The question we asked was whether the model could predict the behavior of one growth cone given the behavior of the other two growth cones. To this end, two of the neurites in the model were forced to grow out at the same speed as the corresponding neurites in the experiment, while the third neurite was fully controlled by the model. A neurite's growth was forced by changing the neurite's distal coordinate and removing the amount of tubulin in the growth cone that was required for such a length change; however, if that produced a negative tubulin concentration, the neurite was not allowed to grow out. Depending on the growth and retraction of the first two neurites (red and green), the tubulin concentration in the third growth cone (blue) would fluctuate, resulting in varying growth speeds of the neurite. The polymerization and depolymerization rates were fixed at their default values (see Methods). The tubulin concentration in the soma, the active transport rate, diffusion constant and the tubulin decay rate were optimized, but fixed during the course of one simulation, to give as close a match as possible between experiment and model result for the blue growth cone (Fig. 4B). The parameters were optimized by discretizing the parameter space and doing an exhaustive search (whereby the diffusion constant D could vary from 1*10−13 to 0.5*10−10 m2/s, the rate of active transport v from 0 to 440*10−7 m/s, the tubulin decay b from 5.67*10−7 to 5.67*10−4 s−1, and the soma concentration Q 0/V 0 from 5.5 to 50 µM). The summed deviation of the free growth cone from the experimentally measured location at each point in time was used as an error measure.

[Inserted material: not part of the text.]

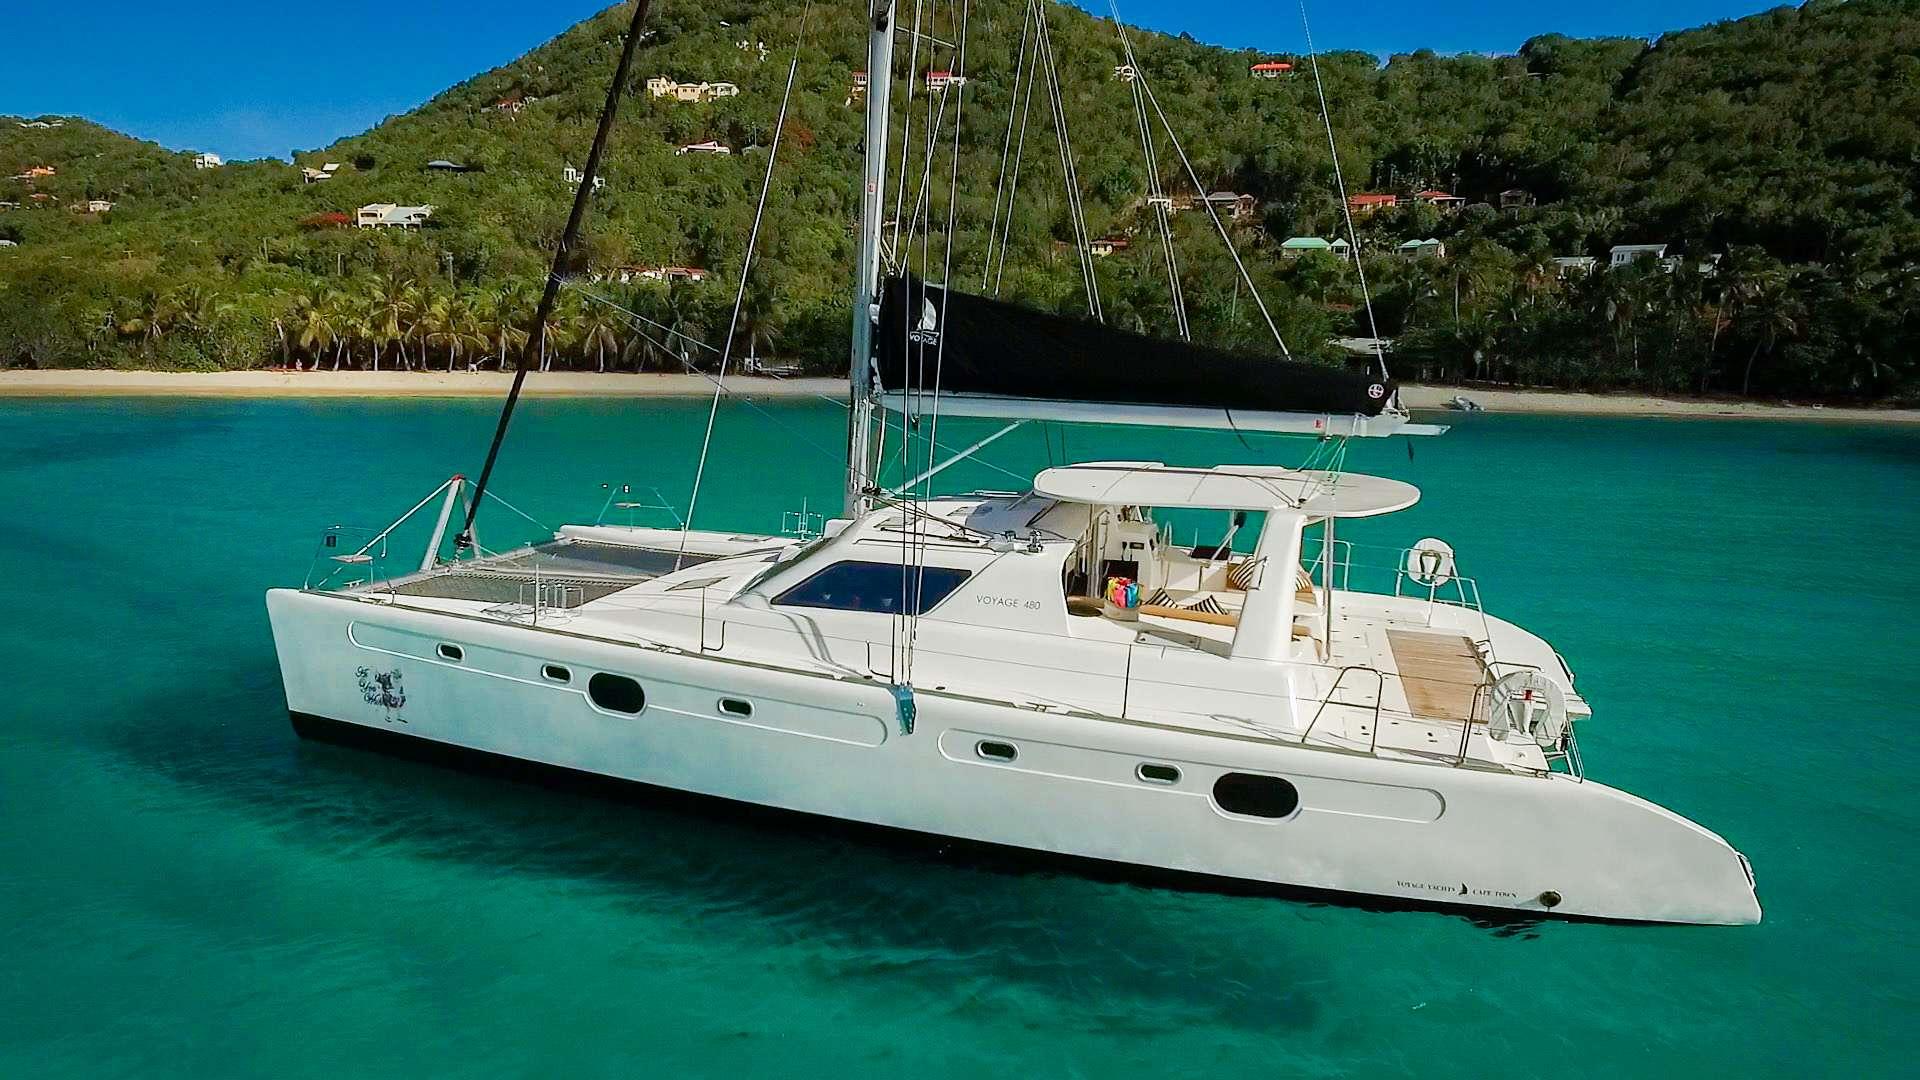 Main image of VOYAGE 480 yacht

As seen in Fig. 4B, at the start of the simulation the red neurite grows out and follows the experimental trace quite closely; then after 980 minutes the green neurite buds off and starts growing out. The slight discrepancy of the red and green traces with the experimental traces (dashed lines) is due to the model constraint that if a forced growth cone does not have enough tubulin it cannot grow out. By 1650 minutes into the experiment, the blue neurite—the free neurite, whose growth is fully governed by the model—forms but initially grows out very slowly. The fast outgrowing red and green neurites create a steep tubulin gradient and a large diffusive influx and consume most of the tubulin resources, hampering the outgrowth of the blue neurite. When the red and green neurites stall, more resources become available to the blue growth cone, enabling the blue neurite to grow out faster. Although the stalling of the red and green neurites are seen to trigger the faster outgrowth of the blue neurite, as in the experiment, none of the parameter sets we tried were able to completely capture the sudden rapid elongation of the blue neurite.

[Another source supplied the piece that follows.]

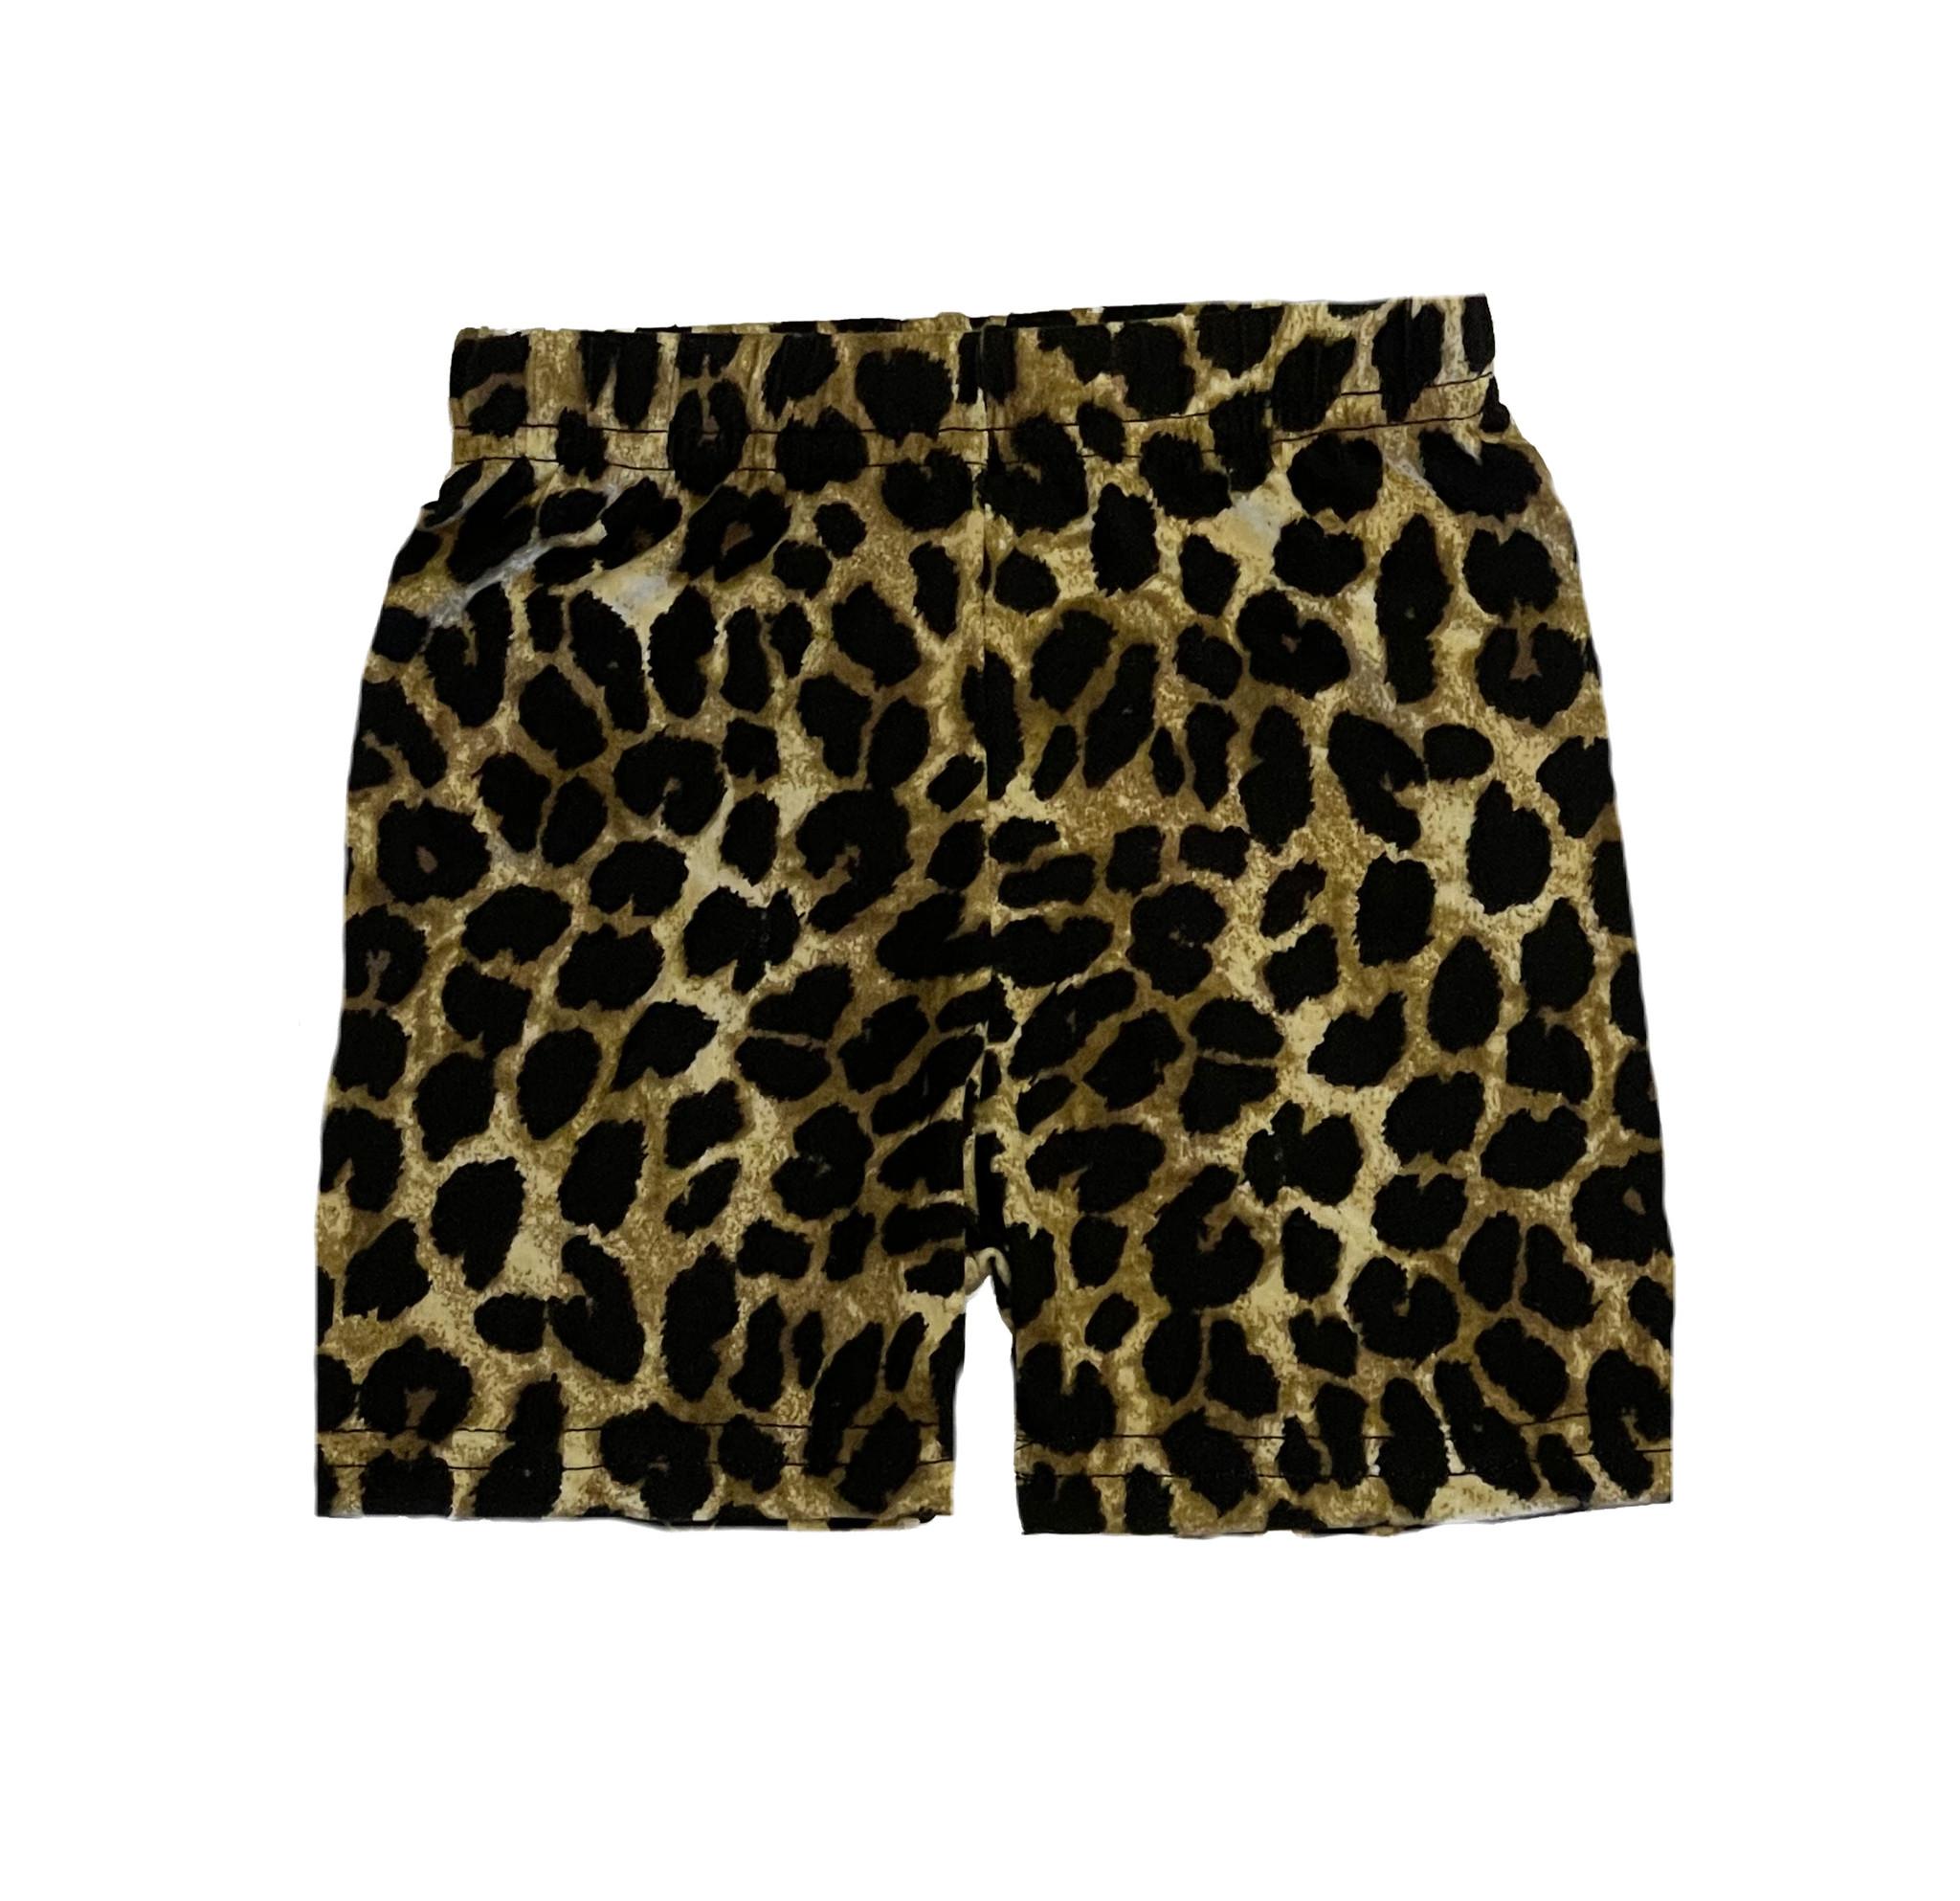 Small Change Soft Leopard Bike Shorts

As a way of verifying the optimized parameter set, the simulation was then repeated, but this time the red and the blue neurites were forced to grow out as in the experimental movie, and the green one was controlled by the model (Fig. 4C). This can be regarded as a weak form of cross-validation: in the previous simulation we searched for a parameter set that optimized the outgrowth of the blue neurite, and in this simulation we tested, using the same parameter set, the readout of the green neurite. As expected, the blue neurite is now much closer to the experimental trace (dashed line) because it is being forced to match it; however, there is not quite enough tubulin available to precisely match the rapid elongation commencing around 40 hours. The green neurite—the free neurite controlled by the model—follows the experimental trace approximately. As a result of the competitive interactions between the neurites, around 32 hours the green neurite slightly reduces its growth speed when the red neurite increases its growth speed; the reduction in growth speed is not as large as in the experiment, which shows that the green neurite then stops growing out. Around 40 hours, the green neurite starts retracting when the blue neurite exhibits a growth spurt.

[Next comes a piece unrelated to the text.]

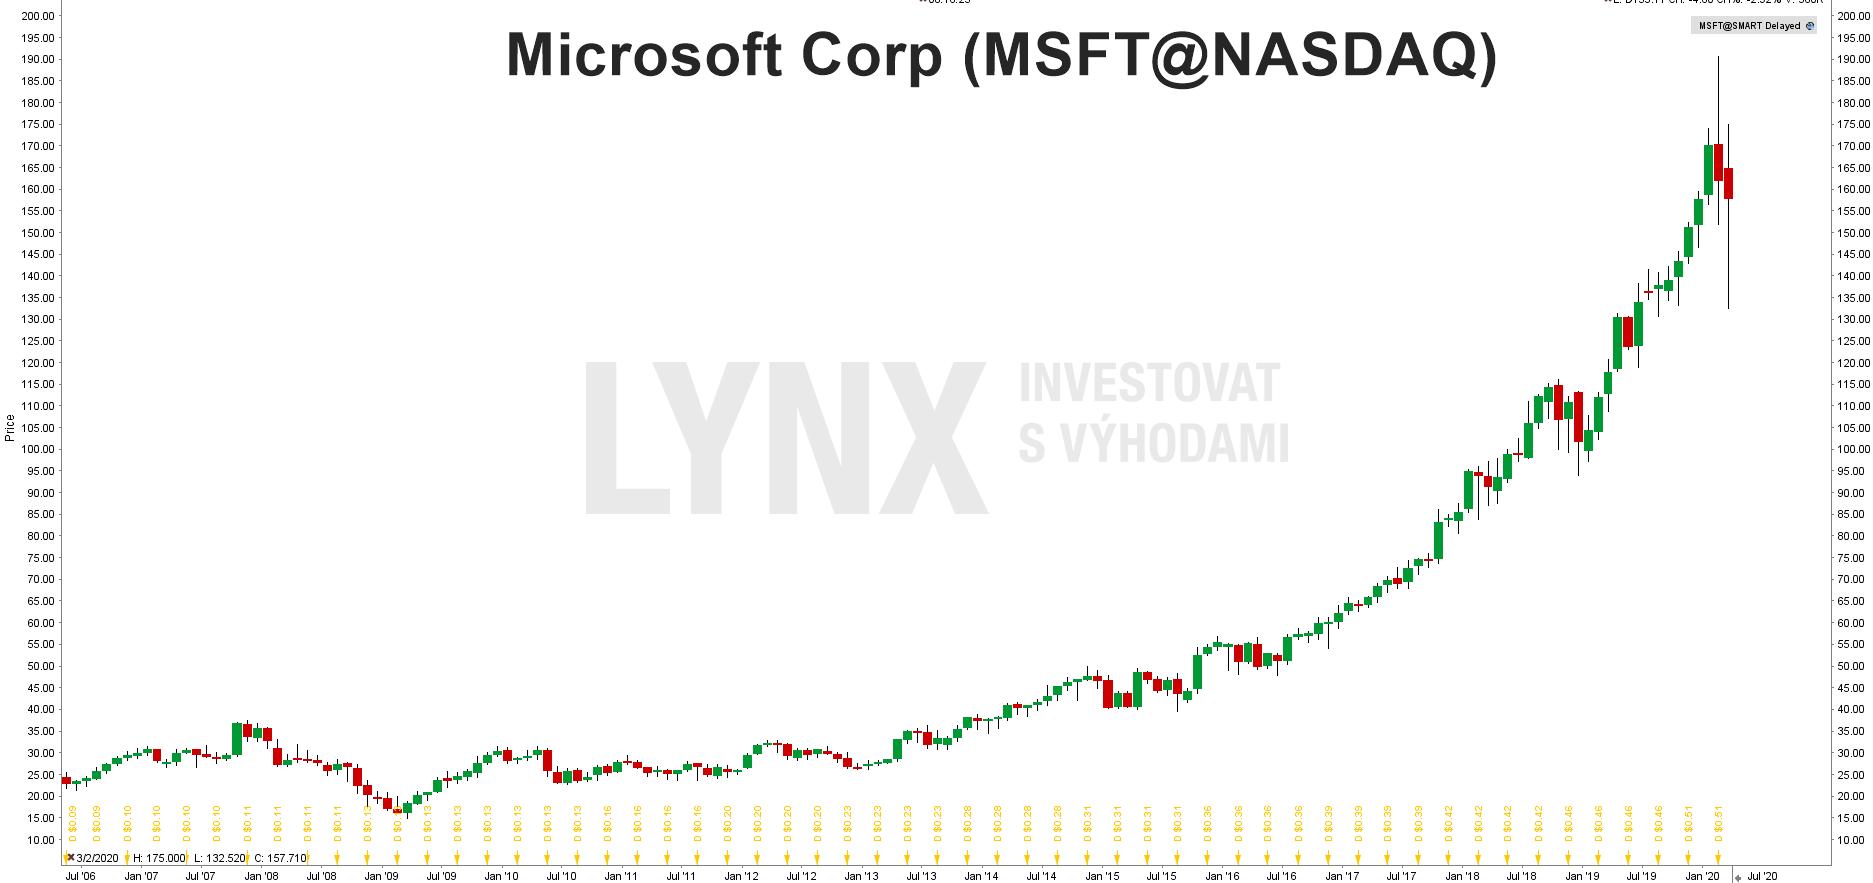 Graf akcie Microsoft (MSFT)

Overall, the model is able to capture at least the qualitative behavior of the experimental neuron. In tissue culture, external chemical and physical cues in the neuron's environment, which are not implemented in the model, are also likely to influence outgrowth. With that in mind, the model performs reasonably well in accounting for the growth dynamics.

Discussion

During neuron outgrowth, the elongation of neurite branches is often accompanied by the simultaneous retraction of other branches in the same neuron [1][3]. These apparently competitive interactions are important in the formation of synaptic connections [2], [4][7], but the biological processes underlying this coordination of neurite outgrowth are poorly known. Using a multi-compartmental model of neurites, we have shown here that competition between outgrowing neurite branches can already emerge from relatively simple dynamics of a growth resource such as tubulin. Tubulin is the building block of the microtubule cytoskeleton, a key structure in neurites that provides stability and rigidity.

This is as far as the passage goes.